Circa 1904, the American Immigration Act prohibited "alien anarchists" which it defined as:
"Persons who believe in or advocate the overthrow by force or violence of the government of the United States or of all government or of all forms of law, or the assassination of public officials."
Ironically, anarchy, simply and objectively refers to an absence of law which is not necessarily a bad thing, although utopian; a
"social theory which regards the union of order with the absence of all direct government of man by man as the political ideal; absolute individual liberty.
“
It is a belief held by some that humans are evolving towards that, kept on the straight and narrow path through the “temporary” gate posts of law, and assisted by education, into persons with innate senses of right and wrong and no predilection to rape or plunder. Thus, no need for law.
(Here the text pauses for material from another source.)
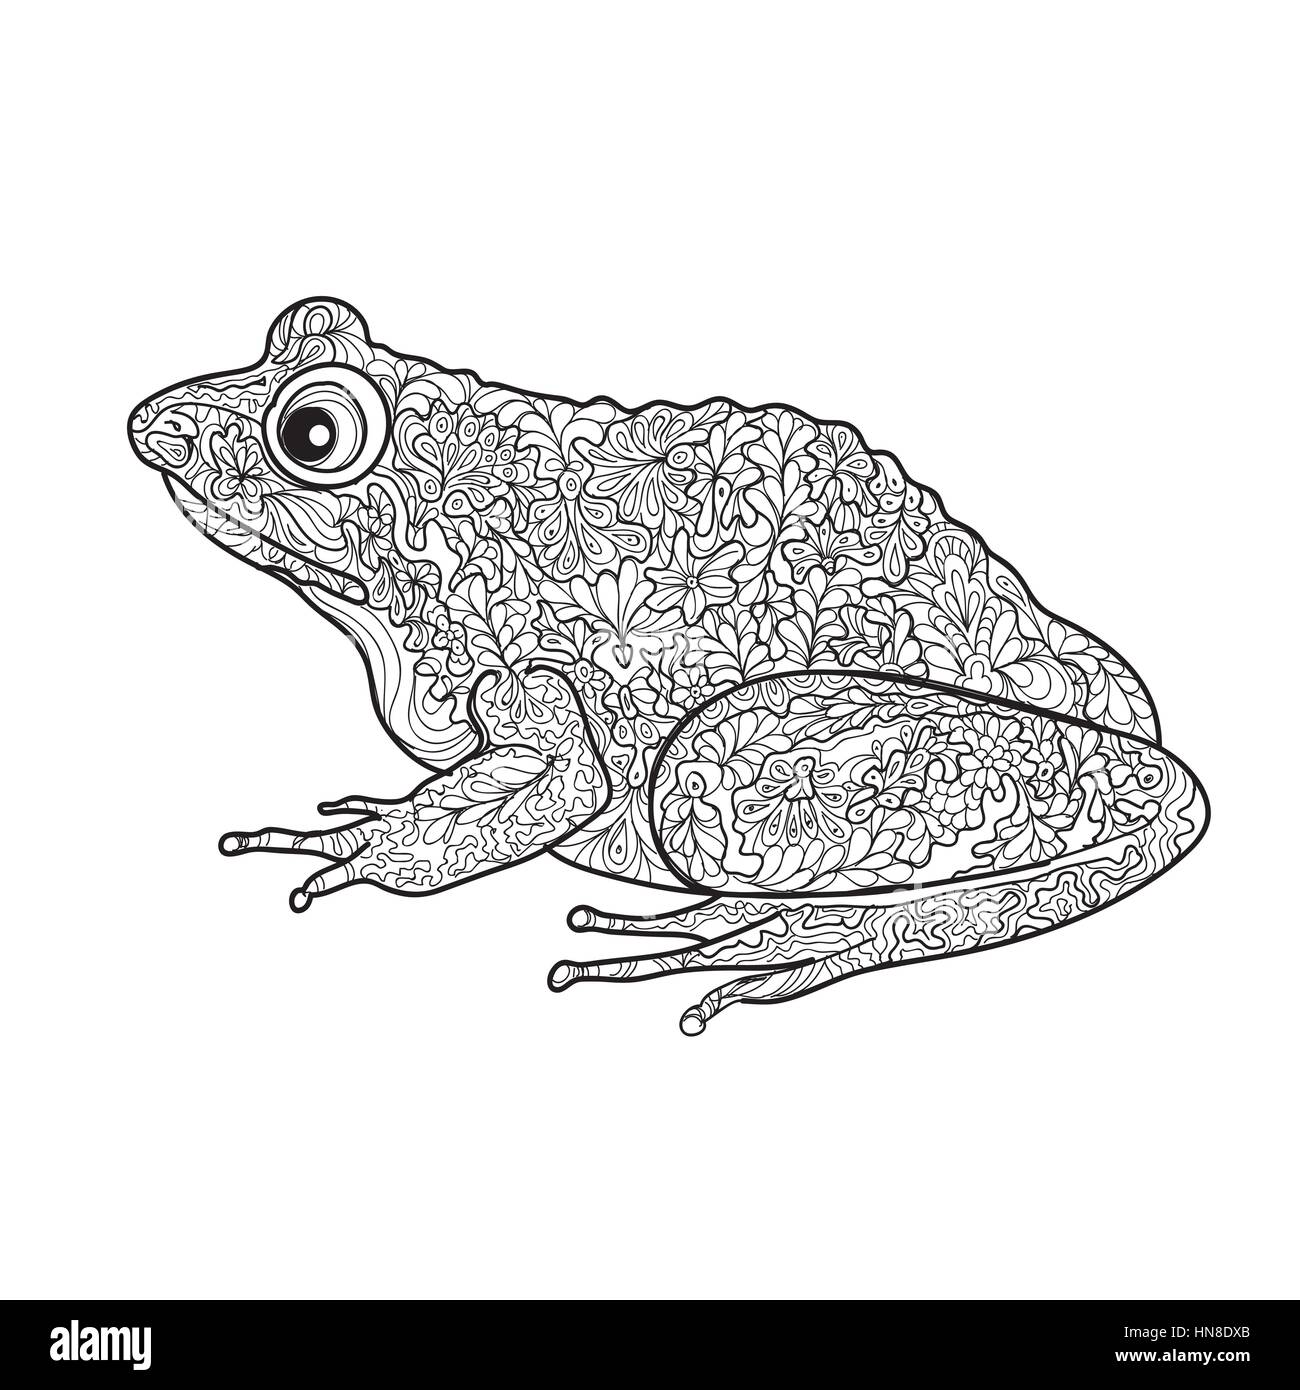 Frog isolated. Black and white ornamental doodle frog illustration with zentangle decorative ornament Stock Vector

"If all men were friends, there would be no need of justice."
- Aristotle
1. Bad anarchy (lawlessness, chaos and gratuitous violence).
2. Rule of Man (Conqueror, Kings,
Queens and Emperors).
3. Rule of Law (senates, parliaments and assemblies).
4. The future – utopia? Good anarchy ?
(no need for government)?
A corollary to all this is perhaps the most important point of all, one for which much ink and blood has been spilled since Man began to tinker with
"government": Government must not ever make law(s) for the simple sake of control; it ought to never interfere with its citizens with a “law” unless there is a public policy reason to do so.